Through Sultana’s Dream which was written during colonial rule, Rokeya attempts to highlight the relevance of equality, women’s education and freedom. In addition to this, Rokeya through this story, quite successfully ridicules patriarchal oppression faced by Muslim women.
Sultana’s Dream is based on an imagined Ladyland where women Can access public spaces unrestricted by social or religious customs.
However, for a 21st century reader, at first glance the story may seem as recreating structures of domination and inequality but it focuses majorly on how the adversities of patriarchal oppression impacted the lives of Muslim women in the late 19th century. Sultana’s Dream is a feminist utopia as it attempts to challenge patriarchal oppression by providing women with a lesson on self determination and worth.
Therefore, as a feminist utopia, Sultana’s Dream offers no space for male domination and oppression. It throws light on various social and religious customs that were practised to dominate women. Rokeya’s childhood memories and educational background allows her to reflect on issues plaguing women’s emancipation.

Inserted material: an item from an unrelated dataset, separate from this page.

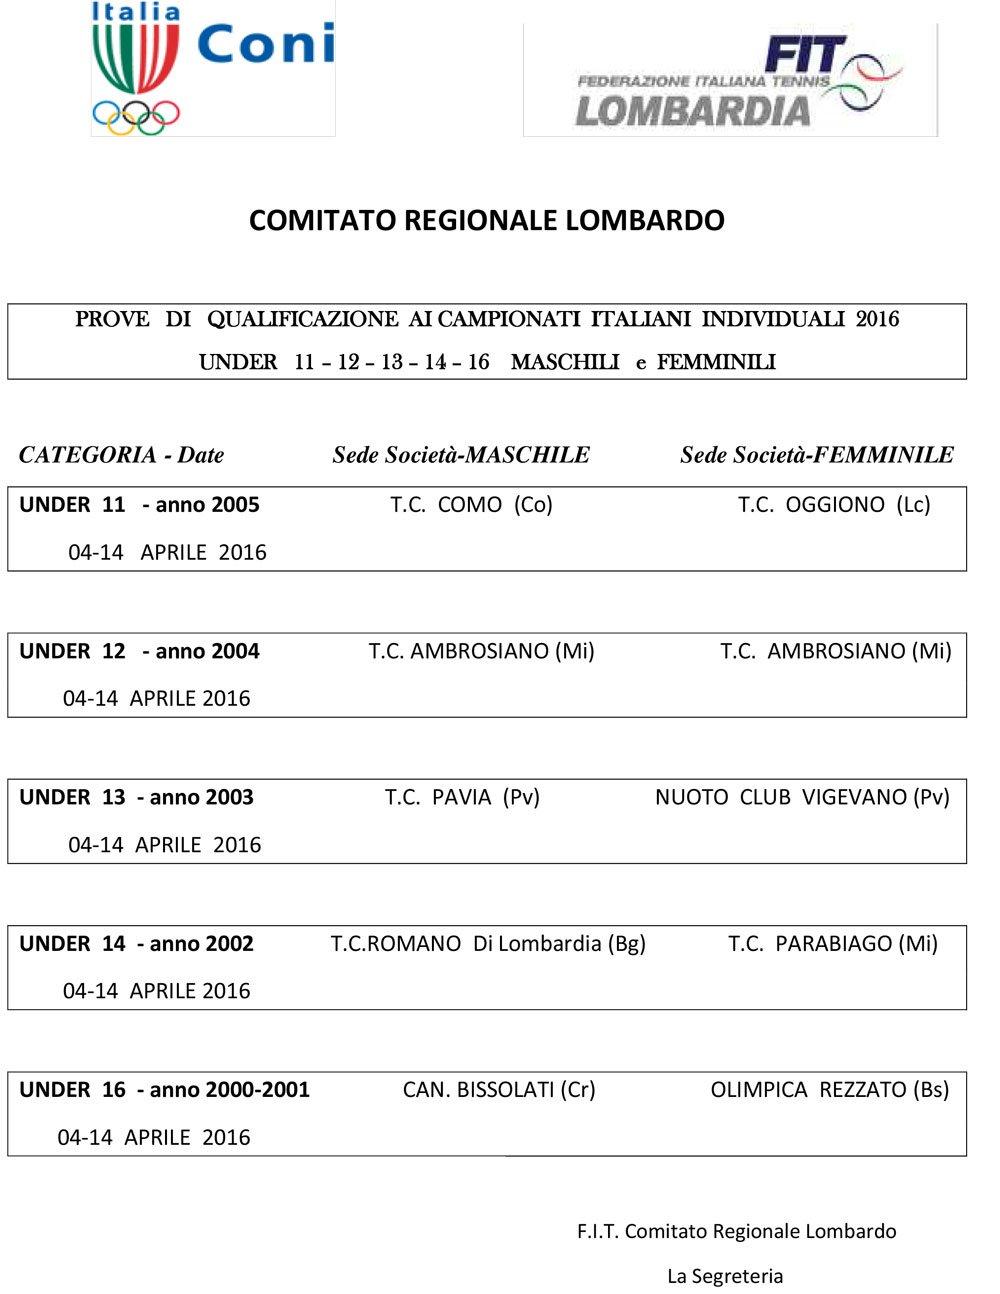 prove-qualificazioni-cmpionati-italiani-under

Sultana’s Dream hardly questions the discrimination perpetuated through gender binaries. It attempts to make sexual role reversals in which men are shown as the inferior sex. However, it narrowly questions the violence and discrimination perpetuated through the category of gender. Since, it provides a critique of patriarchy and the affect of it on women’s lives but barely examines caste and class backgrounds in perpetuating inequalities and discrimination among individuals.